Adlarını soruyorum. Adlarının anlamını soruyorum. Bunu bilemeyecek yaştalar. Rüzgâr’a “senin adın sadece bir havanın esmesi değil, özgürlük anlamı da taşıyor” diyorum. Yüzü gülüyor. Melsa’ya “Melsa, güneşin doğduğu ülke demek. Yani güneş ülkesi” deyince şaşırıyor. Onlara ilk ezberlediğim şiirleri okuyorum. Kısa bir özgürlük masalı anlattıktan sonra fotoğraf çekiyorum. Hepsi “Abi, bir daha gelecek misin?” diye soruyor. Gözlerimin dolmasını engellemeye çalışıyorum. Onlara yalan söylemiyorum. “Ben gazeteciyim. Seçime kadar gelmem zor. Ama seçimden sonra geleceğim. Sizi mutlaka bulacağım” diyorum. Sutaşı Köyü’ne varıyorum. Yıkık bir ev. Duvarda bir aile tablosu. Evlilik fotoğrafları ve evin çocuklarının okulda özel olarak çektirdikleri fotoğraflar. Onların gözlerine dalıp kalmamak için hızla fotoğraflarını çekiyorum.
KÖY MEZARLIĞI
Devlet Su İşleri kanaletinin üzerine bir yazı yazılmış: “Yaşamadın sen”. Az ileride çadırlar var. Bir bahçe içinde insanlar kendi imkânlarıyla çadırlar kurmuş. Çadır isteyenler, ancak merkezi yerlerde yaşamayı kabul ederlerse çadır alabiliyormuş. Öbür türlü kendi imkânlarıyla çadır alıyorlar. “Neden gitmediniz?” diye soruyorum. “Biz çiftçiyiz. Nasıl gidelim?” diyorlar. Sutaşı Köy mezarlığına uğruyorum. Mezar taşlarında aynı soyadları var. Bazı taşların üzerine “deprem şehidi” yazılmış. Köylülerin yüzünde üzüntü ve dalgınlık. Bir jandarma ne iş yaptığımı soruyor. Cevap veriyorum. Başını sallayıp kolaylıklar diliyor.
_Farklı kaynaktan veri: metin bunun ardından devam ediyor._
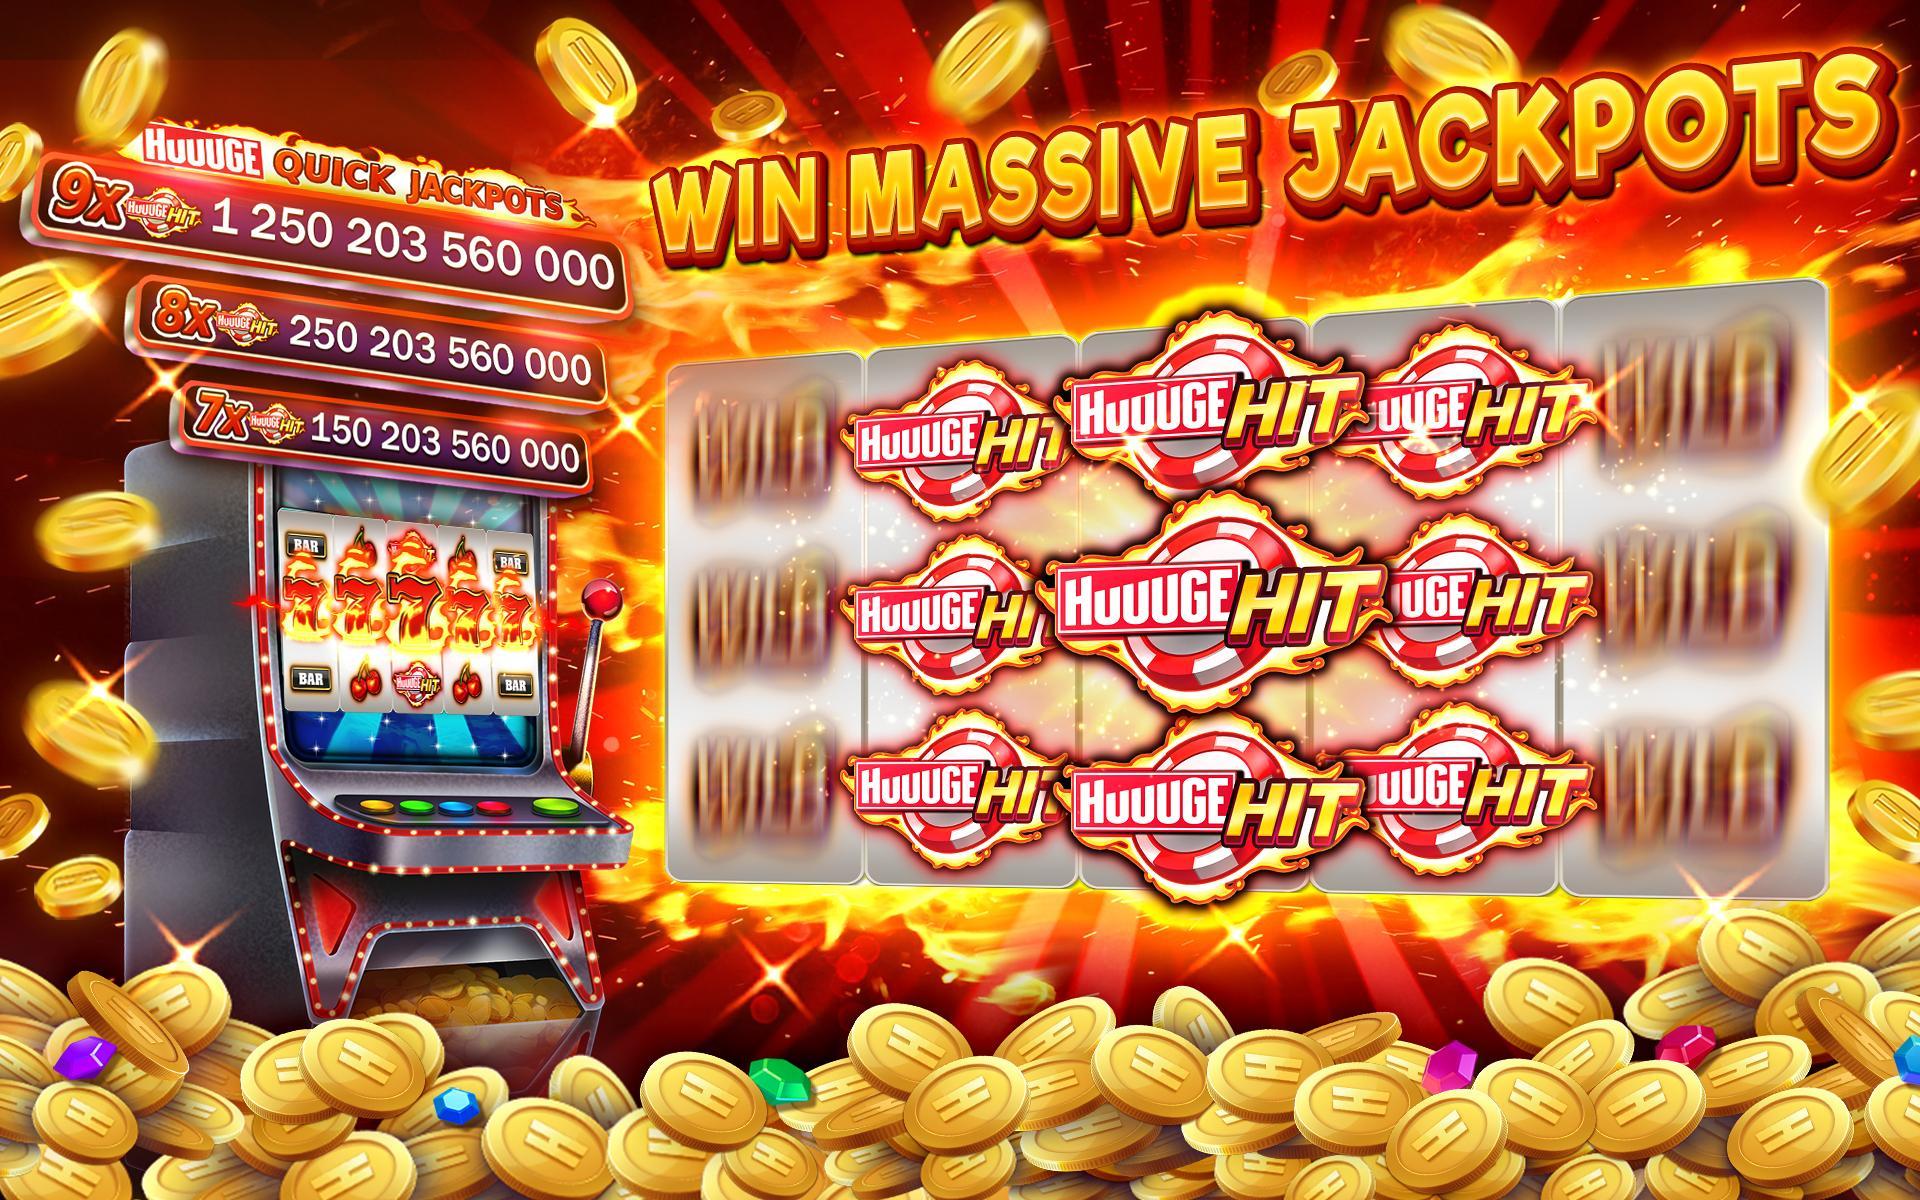 Huuuge Casino Slots - Best Slot Machines 6.1.2700 Screenshot 16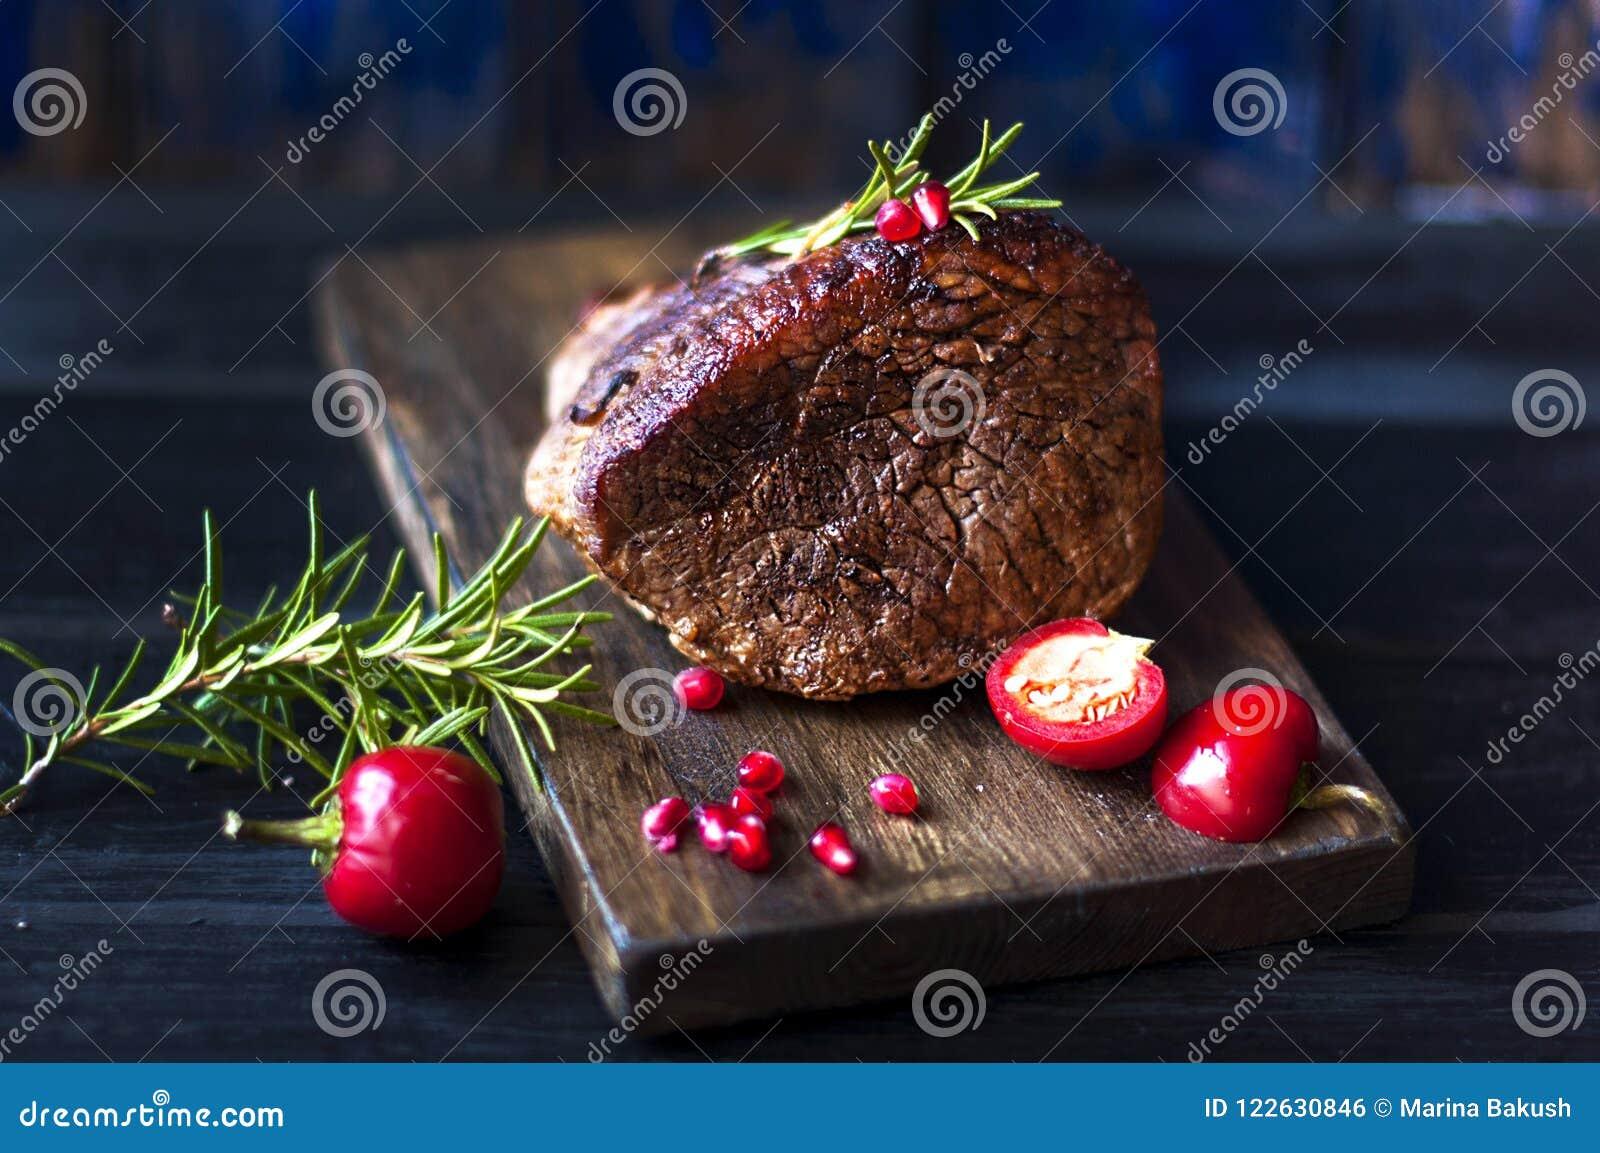 Ψημένο κρέας με το δεντρολίβανο και το κόκκινο πιπέρι Μπριζόλα beefburger γεύμα για τα άτομα Σκοτεινή φωτογραφία Μαύρη ανασκόπηση

Samandağ’da bazı insanlar gelecekten kaygılı konuşuyor. “Evlerimizi devlet bize hangi şartlarda yapacak?” diye meraklı sorular soruyorlar. Bu konuda onları rahatlatacak bir cevap bekliyorlar.
Dönüş yolundayız. Harbiye yolunda yol kenarında çadırlar var. Kimisinin yanında arabalar var. Kemeri yıkılmış süslü bir kapı çarpıyor gözüme. Adının yarısı silinmiş de olsa “Mahir Düğün Salonu” olduğunu anlıyorum. Dibinde insanlar çadırların önünde oturuyor. Bir halay ezgisini içlerine sindirerek ne zaman dinleyebilecekler acaba?